As you can see the unique keys here are different in each case, so my Business Key has to be a concatenation of multiple keys in the source system. This is what is referred to as src_nk in your hub macro.

In the above example, if I had a 2-part key, passing both keys as src_nk to the hub macro would result in 2 columns SCOPE_BK and DOMAIN_BK, however, I'm only after a single concatenated column.

It would be amazing if dbtvault could support this concatenation as a first-class concept (using the same transformation built into the hash function)

In this case, I might simply have, in each of the staging configs that feed into the hub, something like:

          hstg_sfdc__lead_core:
            vars:
              source_model:
                salesforce: Lead
              hashed_columns:
                HUB_FUNNEL_HK: FUNNEL_BK
              derived_columns:
                HUB_FUNNEL_BK: 
                  - '!sfdc.Lead'
                  -  Website

This would generate a table that looks like this:

HUB_FUNNEL_HK HUB_FUNNEL_BK
98a7sd8a9s7da9fgag7a98a7sda sfdc.Lead||abc.com
98a7sd8a9gsdf3ggag7a98a7sda sfdc.Lead||def.com
98a7sd8a9s7da9fgag7a98a123a sfdc.Lead||efg.com

Currently, I don't even have access to the hash concat macro by itself cause it's a part of the hash macro.

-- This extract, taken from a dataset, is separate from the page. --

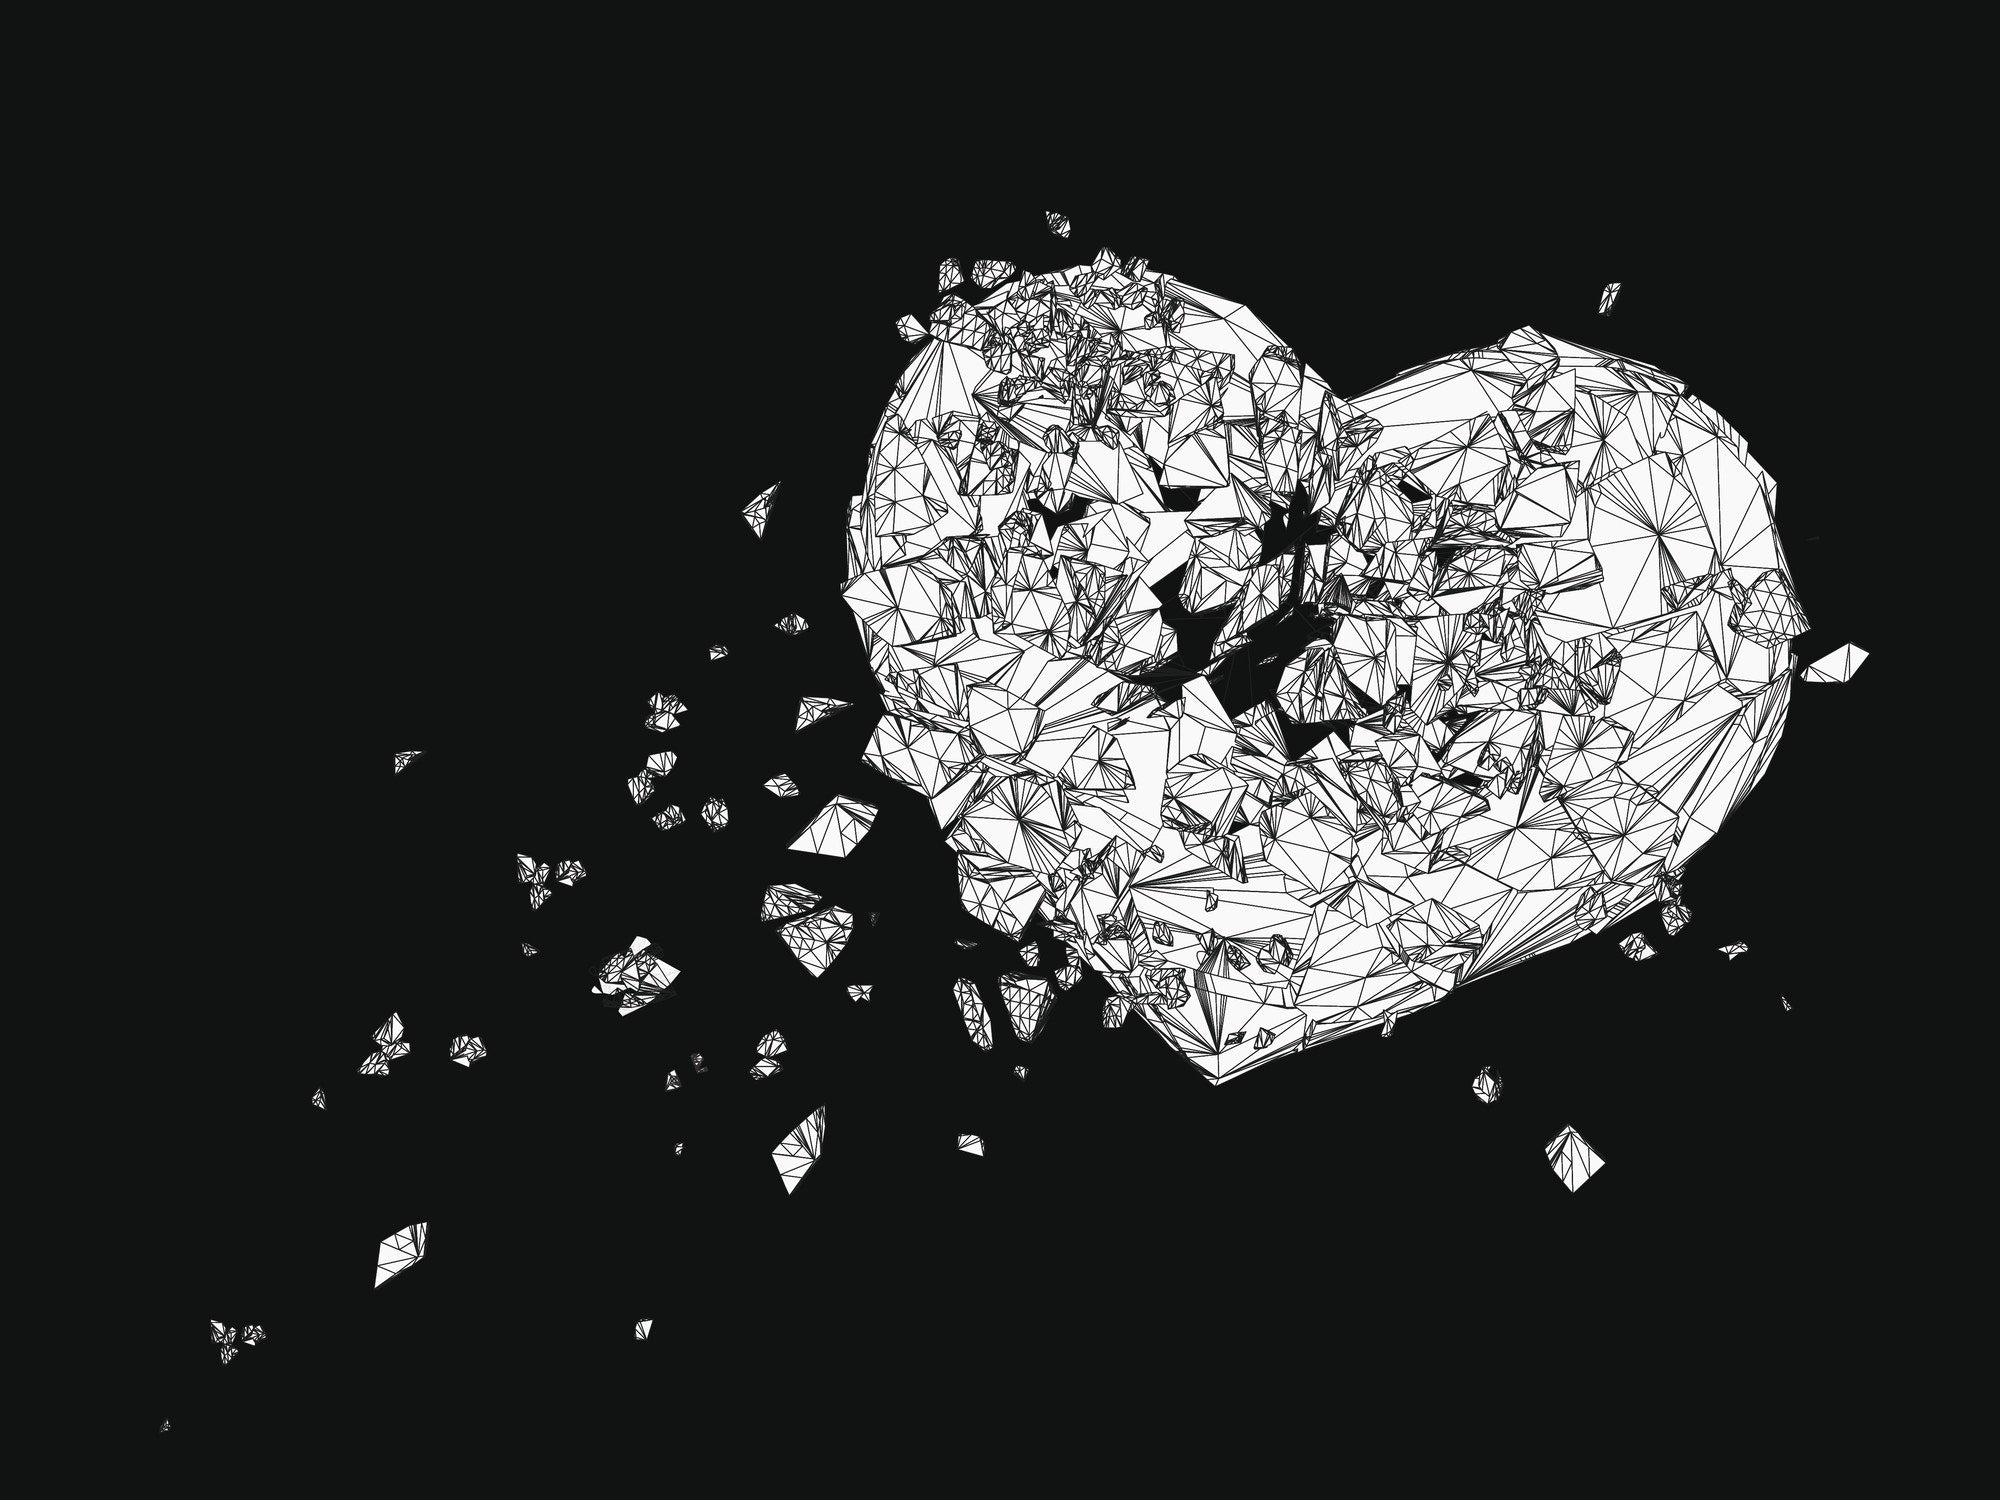 Polygonal broken heart drawing graphic in black and white

Anyway, I know this is kinda multiple issues, but I wanted to put it out there to see if others felt similar pains.

Of course, as with everything else dbt, you can work around this by adding a separate model before your dbtvault one, but I felt I was doing this all the time and something that can be easily factored out.

DVAlexHiggs commented 4 years ago

Great ideas. Both of these features are quite and straight forward to implement. Derived columns bring accessible by hashed columns is something we already have in the backlog, and the derived column concatenation syntax is certainly very useful!

DVAlexHiggs commented 3 years ago

Added in v0.7.1 Close if working as expected

DVAlexHiggs commented 3 years ago

Closing as we have implemented the primary suggested feature. The concatenation of columns in the derived_columns configuration has been separated into a new issue (#20) and will be added to the next release (surprise: it's already been developed!)